We lunched off boiled chicken and asparagus jelly against a background of studied gloom in the dining room at Drummond Place, the shades being half-pulled, the room unadorned by any flowers, and the maid who served us red-eyed and sniffing. The servants at any rate were responding suitably to what they believed about Cara’s death, however bogus the family might appear to my over-informed eye. Afterwards, we carried coffee upstairs to a sitting room which, being at the back of the house, was allowed its full measure of sunlight. It was hardly more comfortable for that, however, being antiseptically modern. The white floor shone like glass, making one fearful to walk upon it too heavily, and it was hard to believe that one might sit on one piece of the gleaming white furniture and put down a coffee cup on another, so like sculpture and so unlike chairs and tables did they seem.

Clemence caught me gaping and said: ‘Mummy just had it done. Isn’t it delightful?’

I thought it looked silly against the Georgian windows and under the Georgian cornice, but could hardly say so. Luckily, Clemence turned from me and pounced on the brown paper parcel laid on a white cube of a table before the Georgian fireplace and began to pull off the wrapping.

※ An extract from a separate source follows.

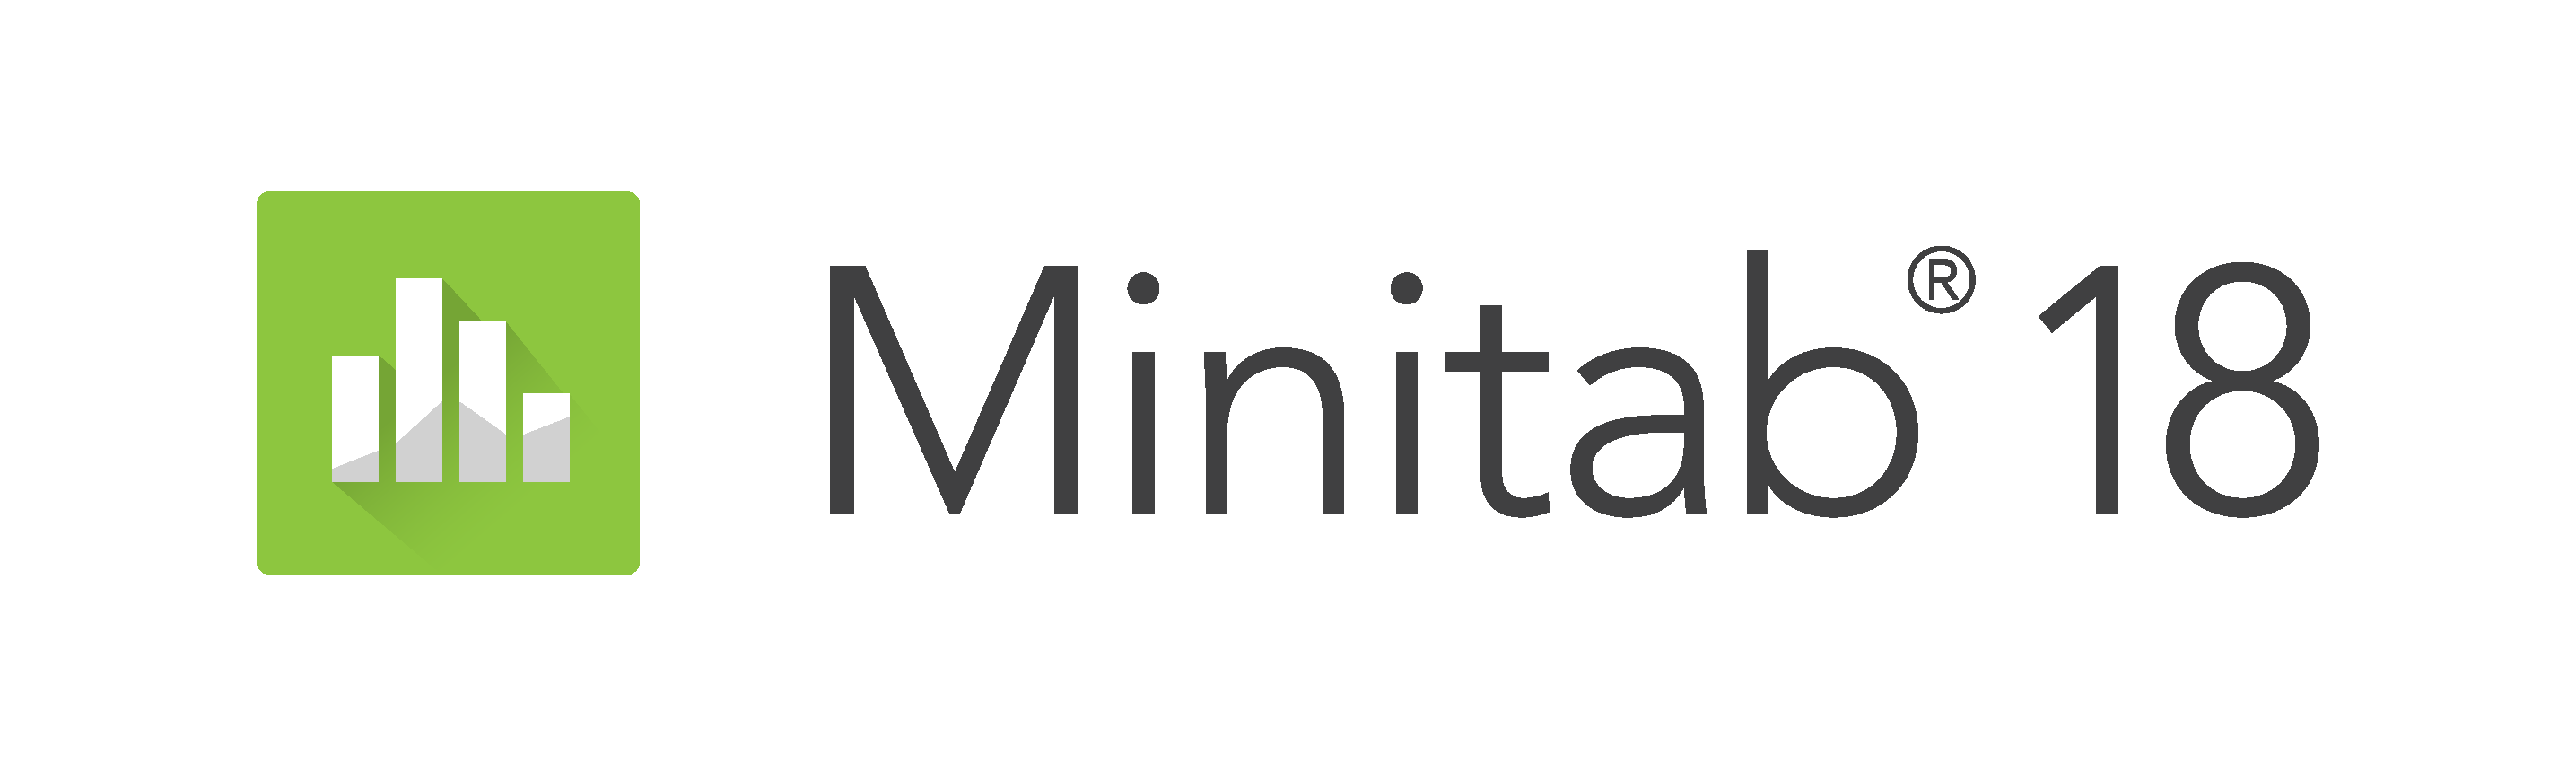 minitab 18 for mac free download

It was a large black leather book, wider than it was long, its covers held shut by a ribbon. Untying this and flicking aside a sheet of tissue paper, she pushed it towards me and I saw it was a photograph album. The first photograph was of Cara. I caught my lip in my teeth to stifle a gasp; it was so beautiful, so light and soft-looking, quite unlike the usual snaps in which moon-faced freaks barely recognizable as one’s relations sit propped up like corpses. In this photograph, Cara, close up, only her head and shoulders showing, was standing in a room posed very casually with one elbow leaning on a chimneypiece, and although she was evidently facing the window (for I could see it reflected in the glass above the fireplace behind her) something to do with the light bouncing from behind as well as in front gave her an intensified version of that back-to-the-window glow every woman tries to arrange whenever she can. It was not just the light, though. Cara’s expression, too, was like a distillation of all that was so charming about her. She had her face half-turned away as though shy and was smiling the curling smile I remembered, but with such a serenity that, forgetting for a moment that she was still alive, I felt a lump form in my throat.

‘Look,’ said Clemence, turning the stiff page, ‘they’re not all of her.’ She showed me pictures of Mrs Duffy and of Clemence herself in the same room, sitting in plump armchairs or standing against the windows, sprigged cotton curtains billowing around them.

‘These are heavenly, Clemence,’ I said, turning to the next, which had Mrs Duffy and Clemence sitting at a garden table with teacups. With a jolt, I recognized the shingle path and the white fence in the background and realized that this was the beach cottage. Quite a substantial structure, I saw, almost to the point that calling it a cottage was an affectation, and I thought again about the way it had been reduced to such a small pile of ash. My detective instinct prompted a question.

‘Did someone from the photographer’s shop come down for a visit, then?’ I thought that such an individual would surely have something to tell me, and felt a surge of excitement to think of him five minutes’ walk away in George Street. Alec would be astounded.

‘No,’ said Clemence. ‘These are mine. I mean, I took them.’

‘Well, they’re splendid,’ I said. ‘People usually look like propped-up… dolls, don’t they? But these are lovely.’ Clemence’s face does not pucker into easy frowns any more than it breaks into grins, but something did happen in her expression then.

‘I hope Mummy doesn’t mind,’ she said. ‘Only I went to such trouble.’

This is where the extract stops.